Activity = Give the data again in full, without pictures.

Data extract =
=-=-=-=-=
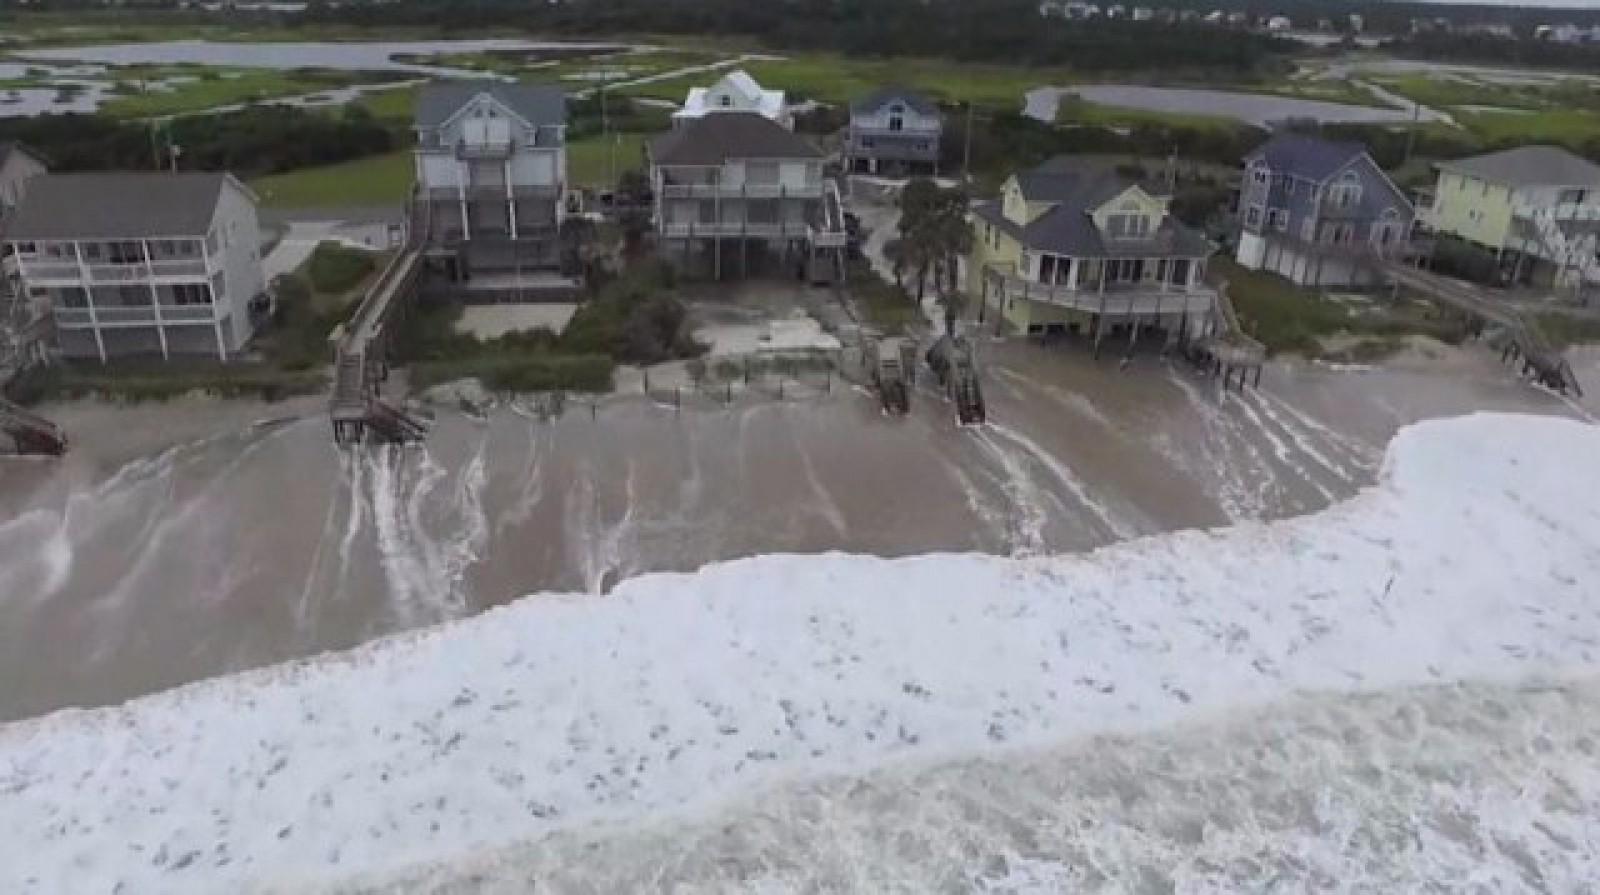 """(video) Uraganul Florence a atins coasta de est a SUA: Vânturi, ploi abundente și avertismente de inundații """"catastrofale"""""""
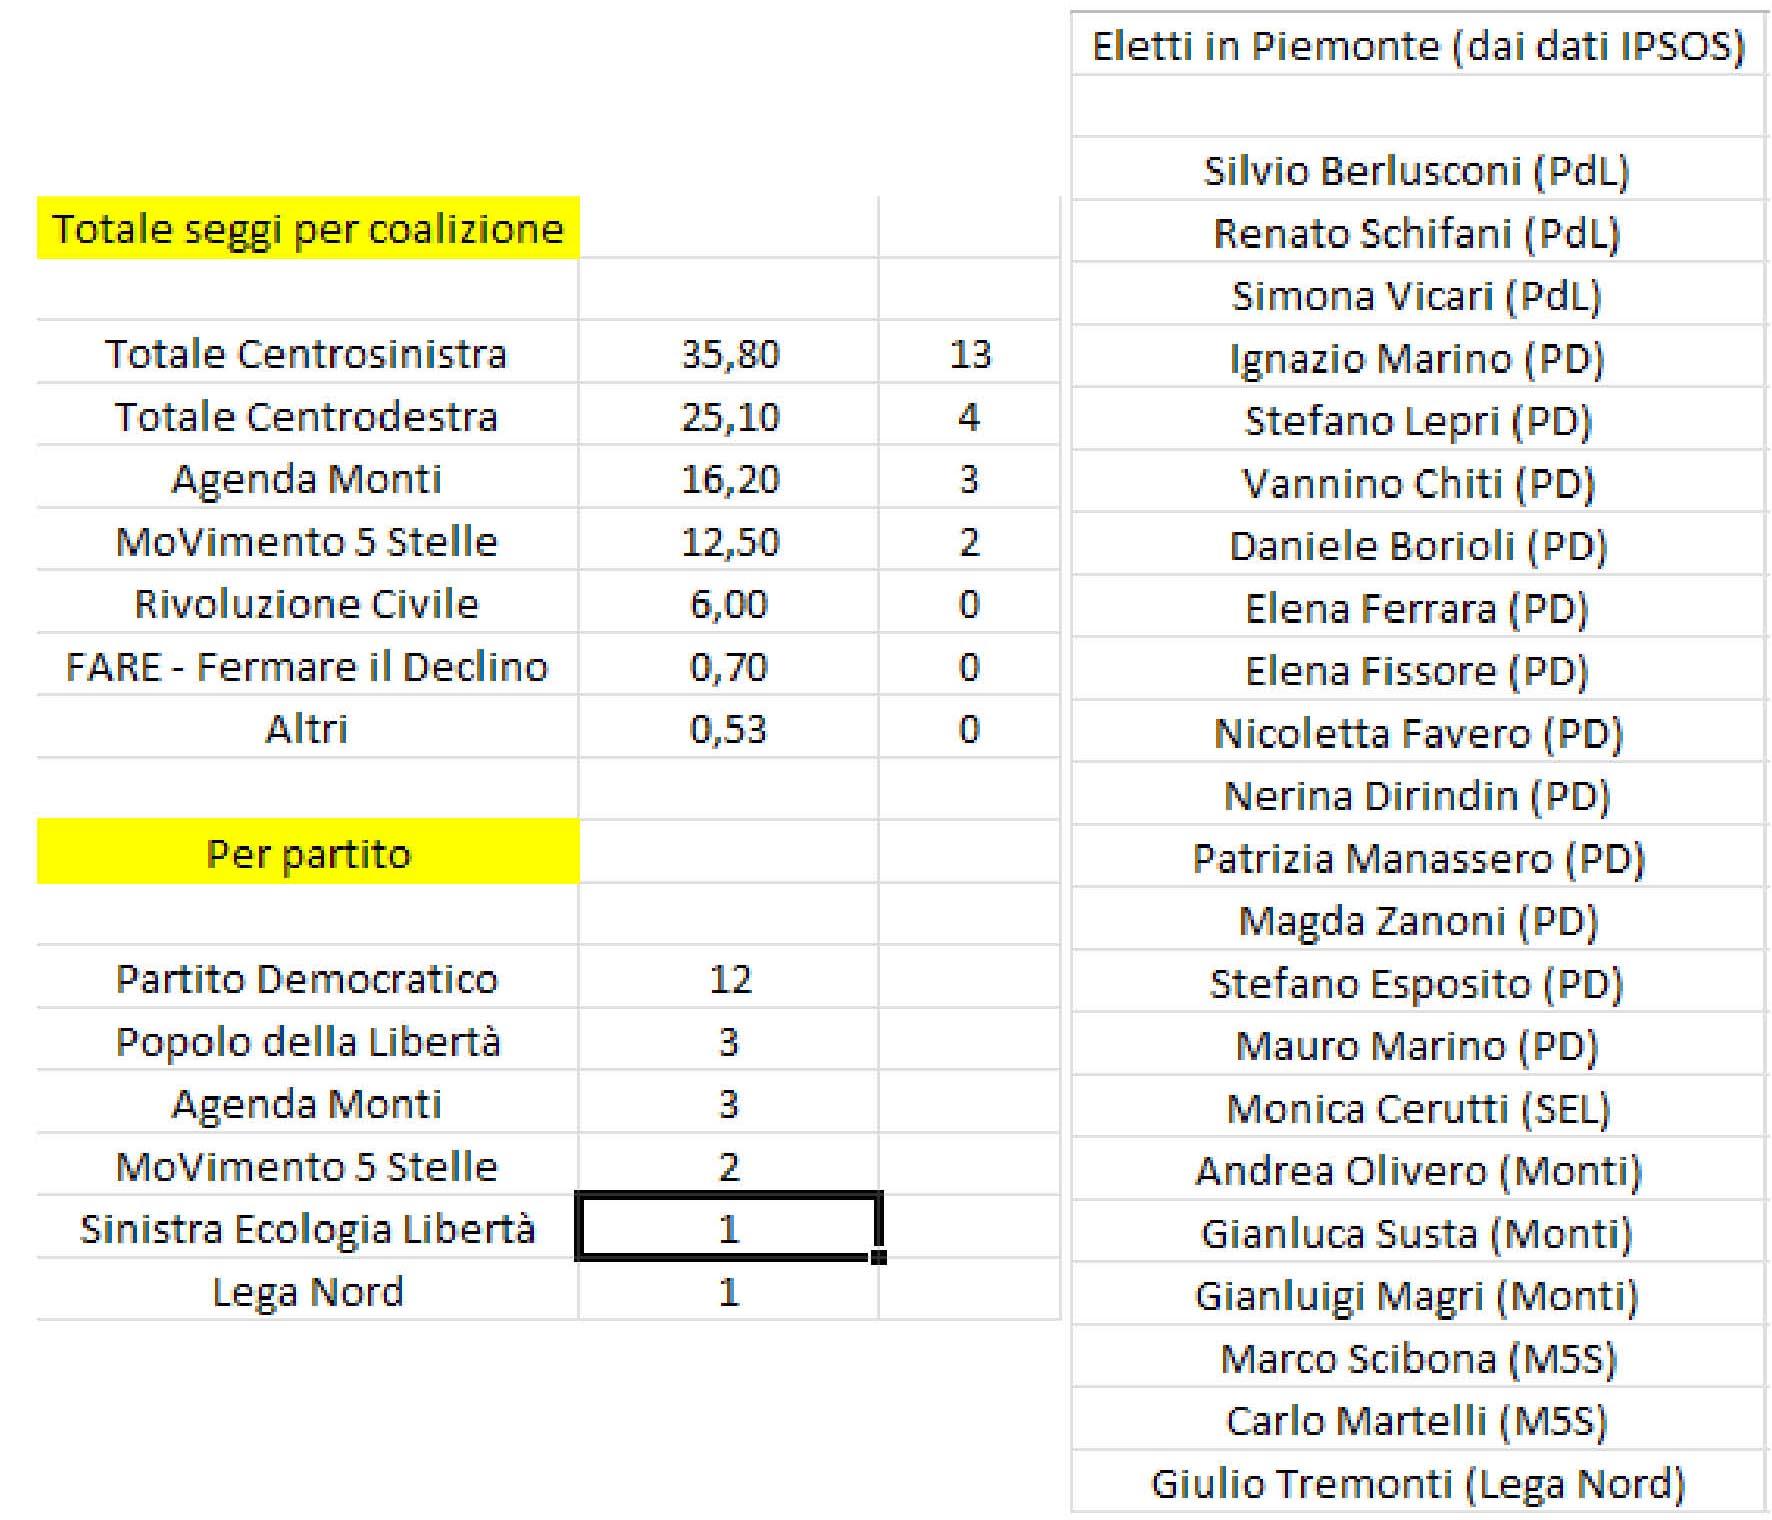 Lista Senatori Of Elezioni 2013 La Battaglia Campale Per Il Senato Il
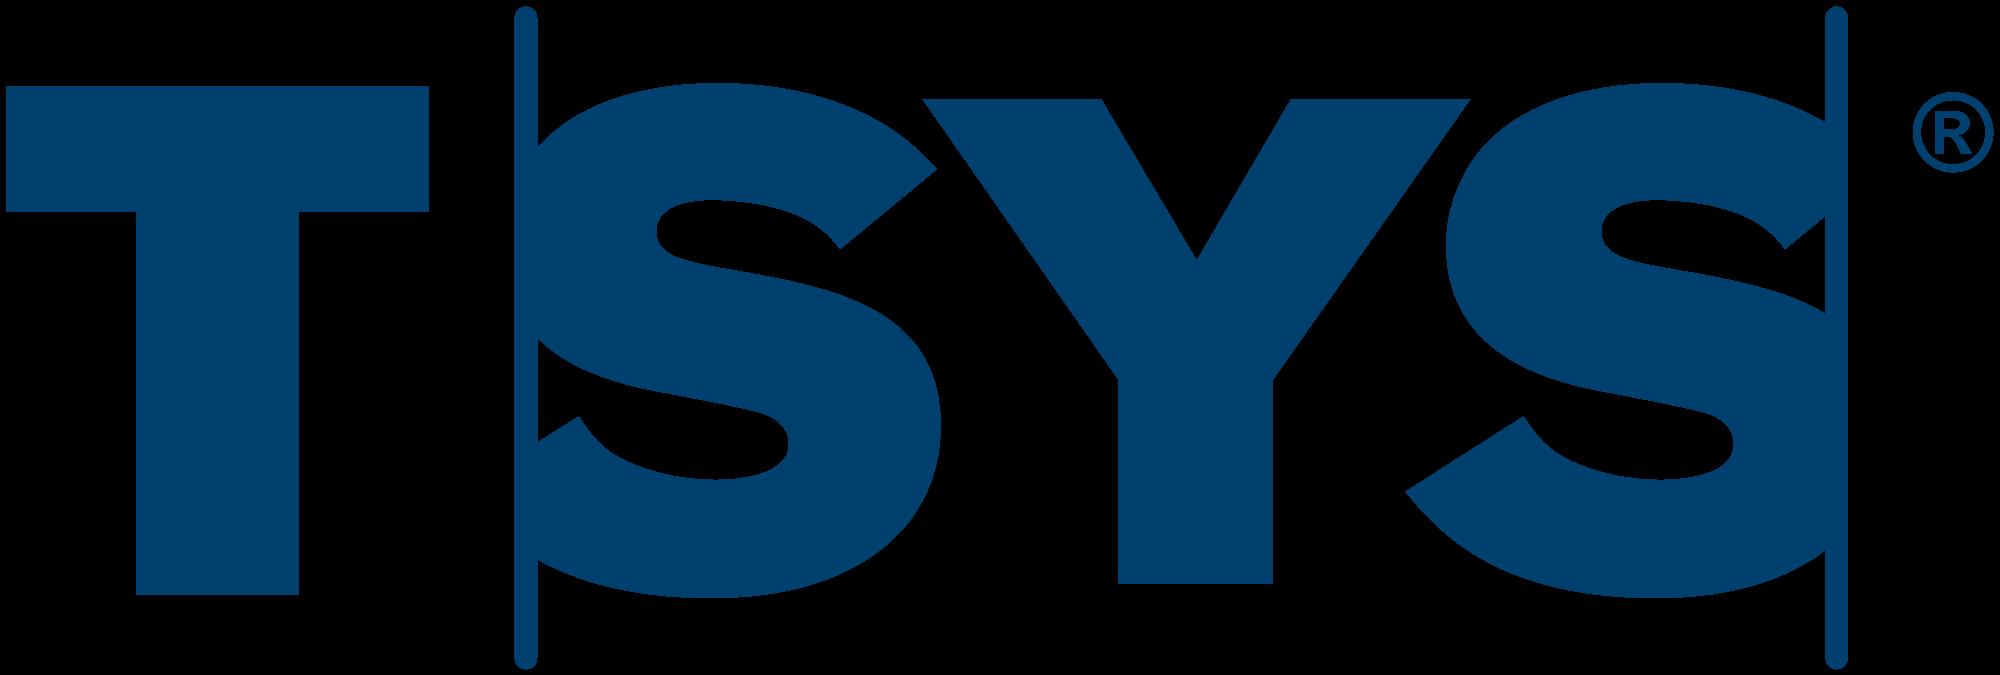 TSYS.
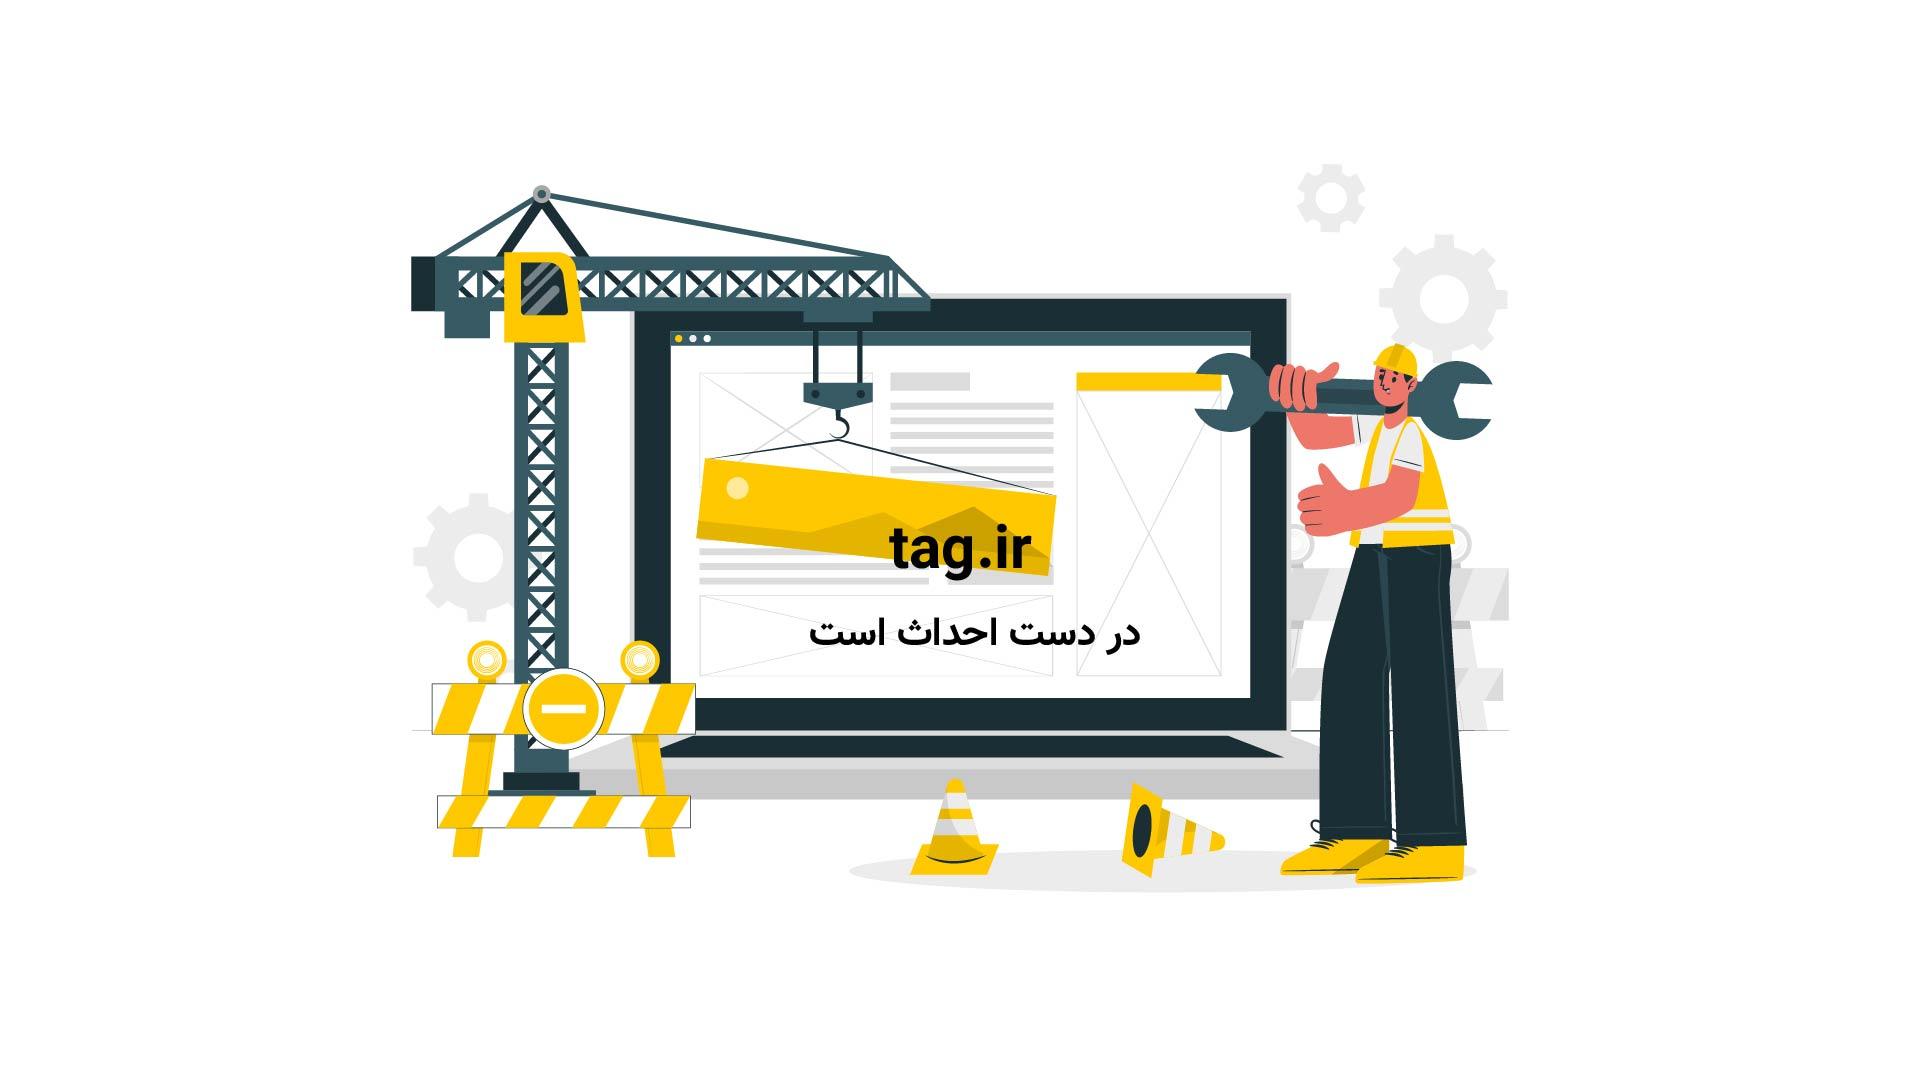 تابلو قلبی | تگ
=-=-=-=-=
Task output =
 """(video) Uraganul Florence a atins coasta de est a SUA: Vânturi, ploi abundente și avertismente de inundații """"catastrofale"""""""
 Lista Senatori Of Elezioni 2013 La Battaglia Campale Per Il Senato Il
 TSYS.
 تابلو قلبی | تگ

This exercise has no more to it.